Plus l'abord endoscopique sera antérieur, plus l'obliquite de l'axe interventionnel d'observation de l'endoscope sera important.
Trois abords principaux peuvent être définis :

L'endoscope est toujours introduit éteint afin de minimiser les temps d'exposition de la lumiere d'éclairage. Il est souvent précédé en segment antérieur d'injection de substance visco-élastique pour avoir un espace d'examen bien dilaté, respectant mieux les contraintes de distance focale qu'exige la microendoscopie.
L'introduction intra-oculaire de l'endoscope, ses déplacements et sa situation exacte à tous moments de l'intervention sont contrôlés par le microscope opératoire. La commutation "endoscopique", avec mise en fonction de la lumière d'éclairage de l'endoscope (système"endomicroscope", cf matériel) permet l'observation du champ d'examen endoscopique "toujours sous binoculaire du microscope opératoire").
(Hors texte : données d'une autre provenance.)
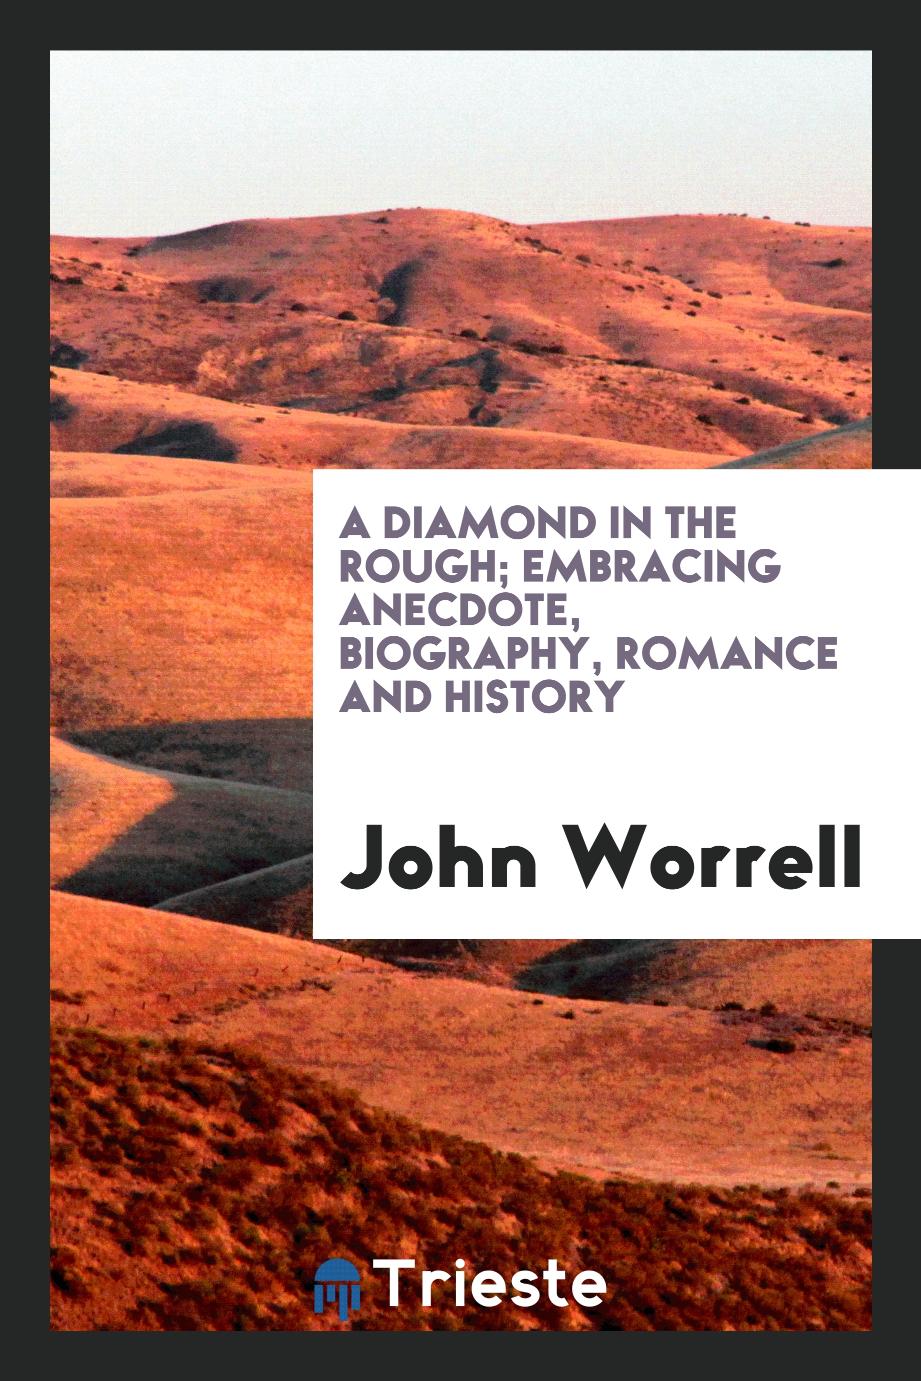 A diamond in the rough; embracing anecdote, biography, romance and history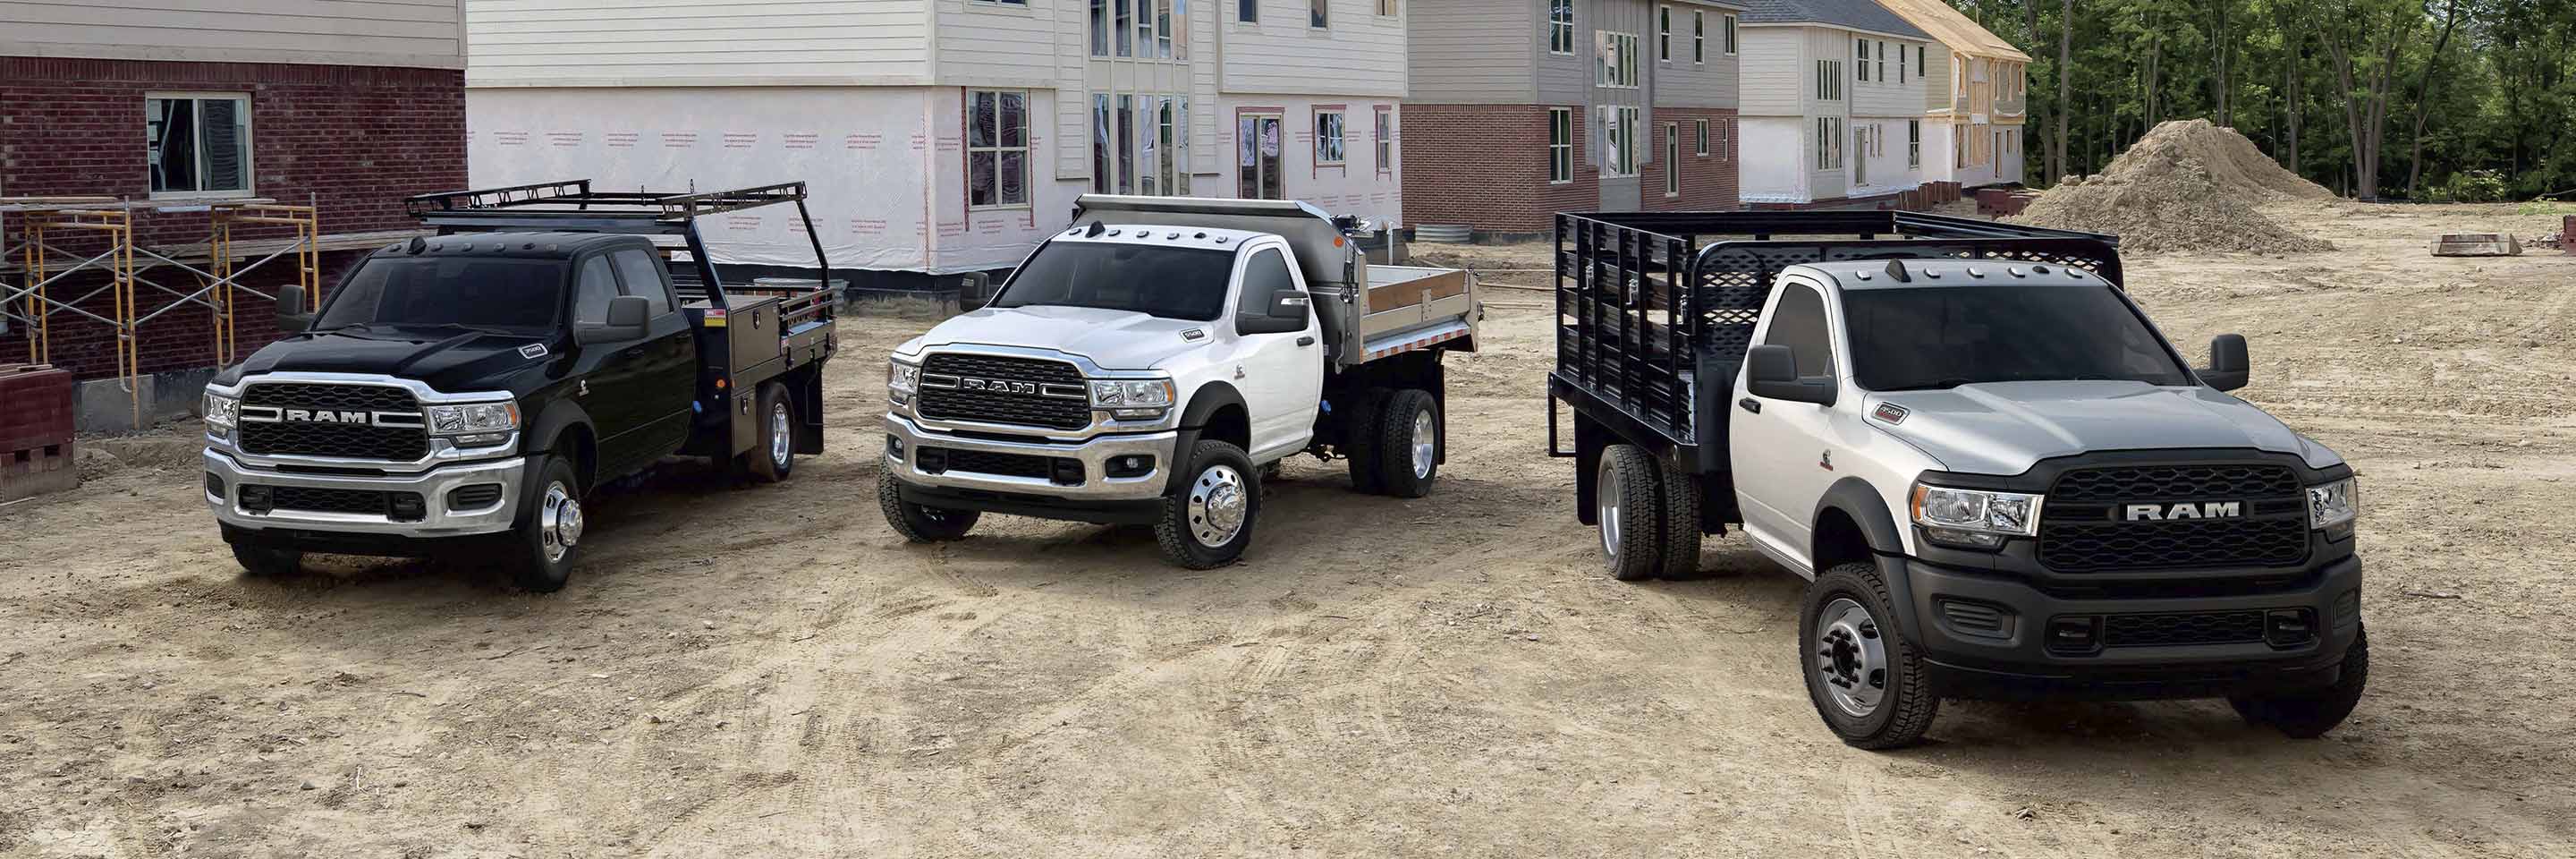 Three 2023 Ram Chassis Cabs parked at a construction site, each with a different upfit. From left to right: a Ram 5500 Tradesman Chassis Cab with a stake bed upfit, a Ram 5500 SLT Chassis Cab with dump upfit and a Ram 4500 Tradesman Chassis Cab with landscaper upfit.

L'opérateur passera ainsi en permanence de la vision des champs d'observation du microscope opératoire (axial), à ceux de l'endoscope (sagittal). L'apprentissage du "réflexe de défocalisation", l'arrêt automatique d'éclairage endoscopique en commutation "microscope", et le liquide d'irrigation-refroidissement de sonde en cours d'examen endoscopique permettent d'éviter les risques de phototraumatismes par la lumière d'éclairage endoscopique.